Kuwait (Reuters) - Saudi Arabia's oil minister said on Sunday the market was oversupplied and the kingdom had reduced output, sending a the strongest signal yet that OPEC may not boost output in June to quell soaring oil prices.
Consumers have urged the exporters' group to add supply to halt the rally in oil prices that has taken crude to its highest level in 2 1/2 years amid unrest in North Africa and the Middle East, but OPEC members say there is little they can do to bring prices down.
"The market is overbalanced ... Our production in February was 9.125 million barrels per day (bpd), in March it was 8.292 million bpd. In April we don't know yet, probably a little higher than March. The reason I gave you these numbers is to show you that the market is oversupplied," Naimi told reporters.
Two Saudi-based industry sources told Reuters last week the kingdom had cut production.
Naimi's words, echoed later on Sunday by his counterpart from the United Arab Emirates, are the clearest indications yet that the group is unconvinced there is a need for more oil despite the civil war that has slashed Libyan output and expectations Japanese oil demand will rise as it scrambles to rebuild its earthquake-shattered electricity grid.
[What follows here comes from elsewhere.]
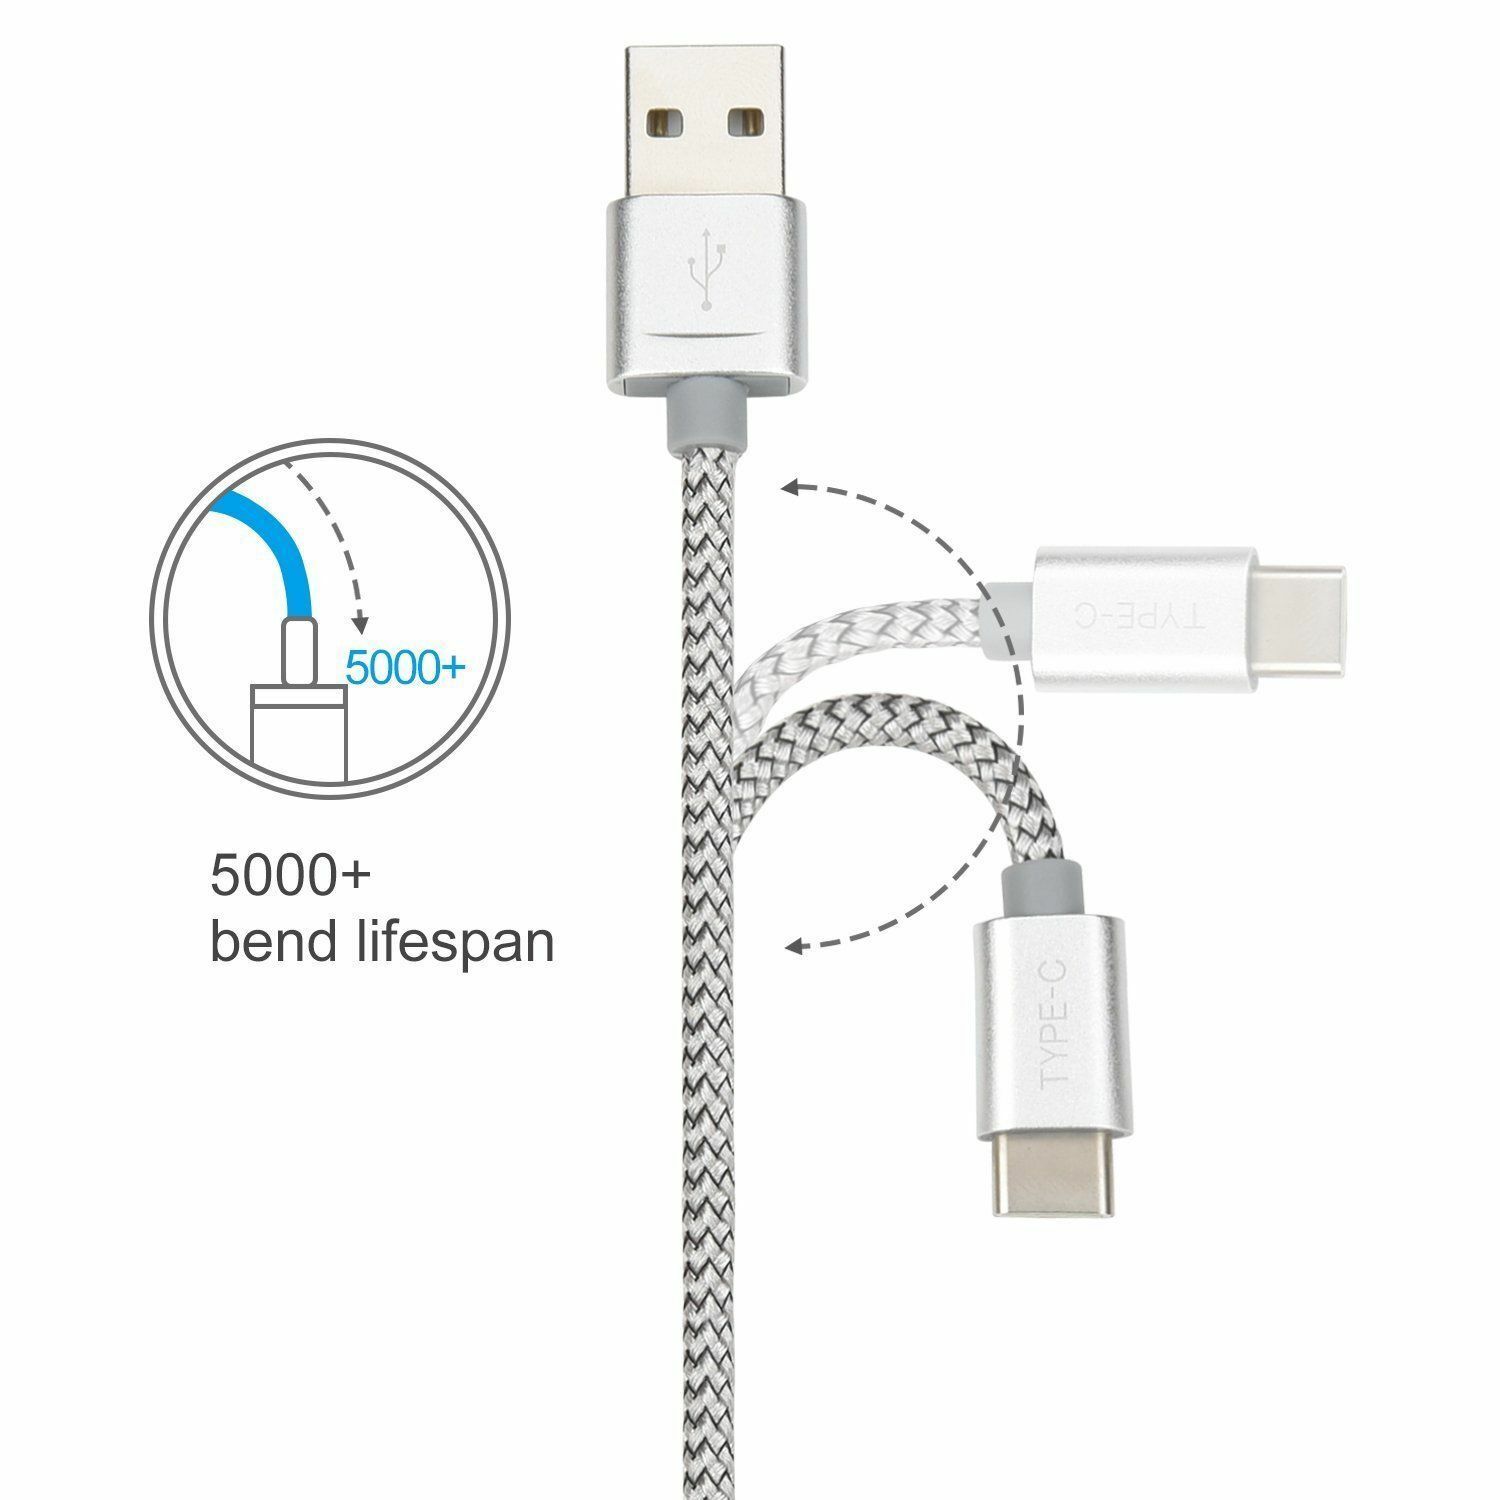 1m-USB-Type-C-Sync-Charger-Charging-Cable-blue-for-Android-mobile-phonele-123379907876-2.jpg

"These statements underscore the breadth of the security premium currently in (oil) prices. Overall supplies are sufficient," said John Kilduff of energy hedge fund Again Capital. "As we've seen in the past, however, a well-supplied market is not always a barrier to very high prices."
Naimi declined to comment on the current price of crude.
Oil prices fell early last week after Goldman Sachs warned high prices may be eroding demand, but rebounded on signs of renewed health in the U.S. economy on Friday.
Nobuo Tanaka, the head of the International Energy Agency, which represents oil importers' interests that warned last week high prices were cutting into oil demand, stopped short of saying OPEC needed to boost output, but suggested the group be more flexible in its thinking about supply.
"The market is getting tighter and if it is tighter the price may go up, which may have a negative impact to economic growth," Tanaka told reporters.
Unrest in North Africa and the Middle East has left Saudi Arabia and other Gulf nations nervous of political unrest. The kingdom has promised nearly $93 billion in handouts to its citizens to keep them happy, making a sharp fall in oil prices a major risk for its budget.
Saudi Arabia and some other OPEC members unilaterally boosted oil production after the March uprising against Libyan leader Muammar Gaddafi shut down the bulk of the North African OPEC member's oil industry but weak demand for the additional production appears to have prompted the reduction in output.
Naimi said Saudi Arabia had sold 2 million barrels of a special blend of crude that tried to replicate the high quality Libyan barrels lost. Demand for the blend has been tepid, according to oil traders.